Don't confuse me with asking about just breeding of larger dogs.

And I just personally have a big dog and have not met anyone to call a GSD a medium dog.


----------



## kimbale (Mar 7, 2017)

VickyNero said:


> Can I just clarify, I am talking about three different breeds here.
> 
> German Shepherd, Shiloh Shepherds and King Shepherd.
> 
> ...


If you've never heard people call the GSD a medium sized dog, then you're probably not talking to very knowledgeable people. 

You will find that we here on this forum are sticklers for the breed standard, which calls for the below (this is the official standard):

"General appearance

The German Shepherd Dog is medium-size, slightly elongated, powerful and well-muscled, with dry bone and firm overall structure.

Important dimensional ratios*

The height at the withers amounts to 60 cm to 65 cm for male dogs and 55 cm to 60 cm for female dogs. The trunk length exceeds the dimension at the height at the withers by about 10 – 17%."


Something else you will find here is that our members care more about temperament and demeanor of the dog than size and looks. Also, we like our dogs to work (the original purpose of the GSD was to be a working dog) and when the dog gets to be too big, it starts to lose it's capacity for endurance, speed and strength. Which is why you will find some bias against oversized dogs here.

Anyway, what specifically do you want to know about larger GSDs, and "breeds" like the King and the Shiloh? Ask your questions and we will answer. 
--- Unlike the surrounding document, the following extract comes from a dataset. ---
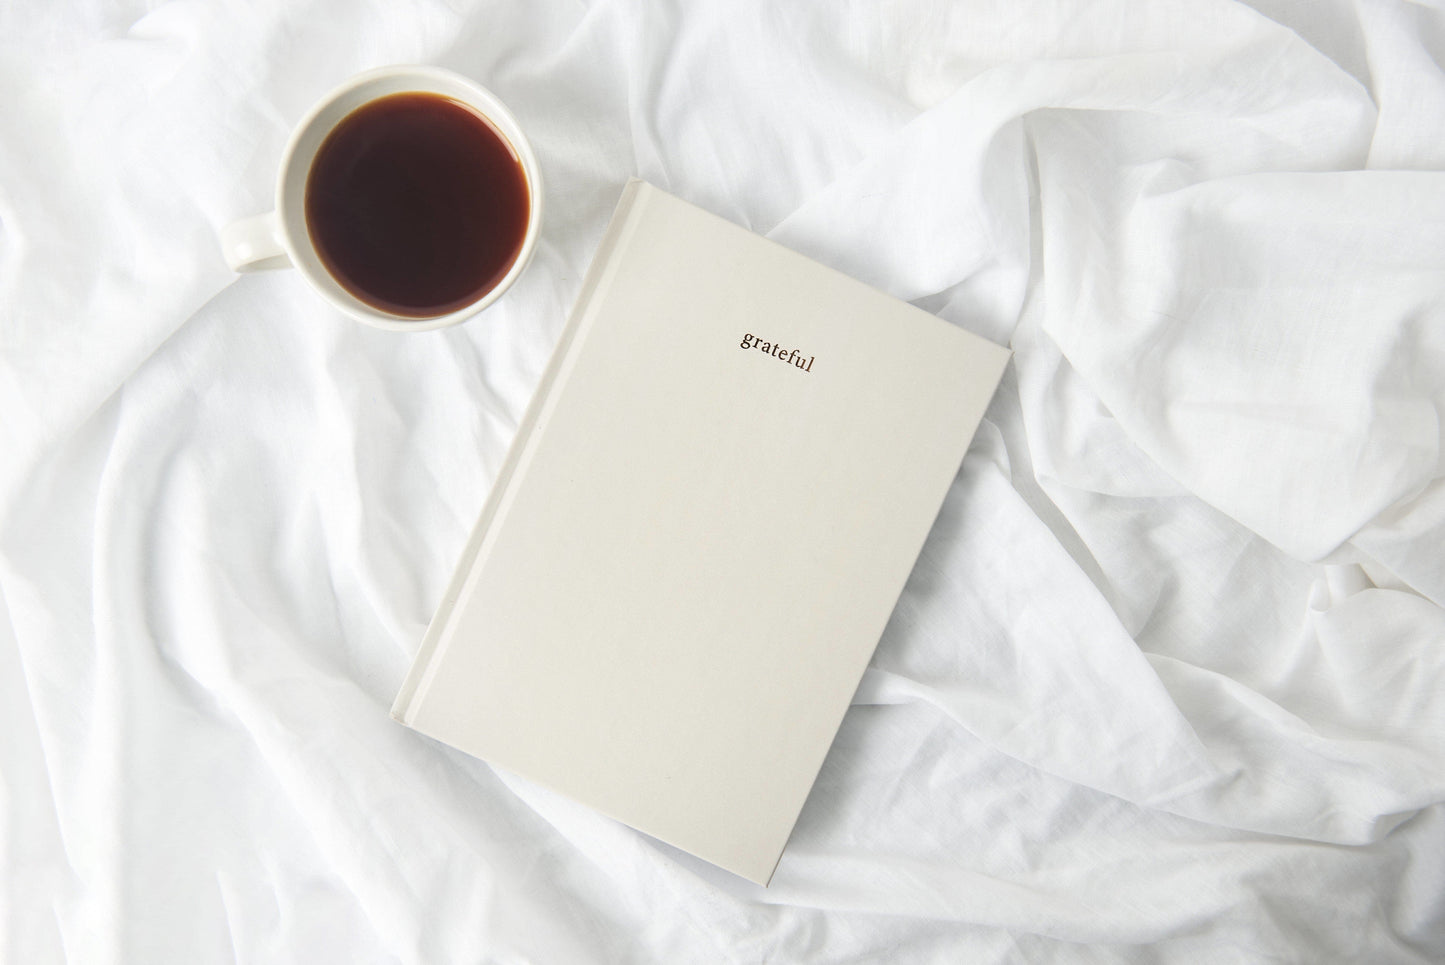 A daily gratitude journal sitting on a bed with a cup of coffee beside it

Sent from my SM-G935P using Tapatalk


----------



## Sunsilver (Apr 8, 2014)

I owned a Shiloh at one time, which is why I know so much about them. Her temperament went to pot when she was about 9 months old, and became frightened of everything. At age 2, she still wasn't able to pass a basic temperament test, and when a small puppy came running towards her at the yearly Shiloh breed show, she was so frightened, she yanked the leash out of my hand! :rolleyes2:

She was fine up until 9 months. When she was 3 months old, we were out in the woods during the fall, and we'd frequently hear hunters firing their rifles. She'd just tilt her head, then go back to whatever she'd been doing.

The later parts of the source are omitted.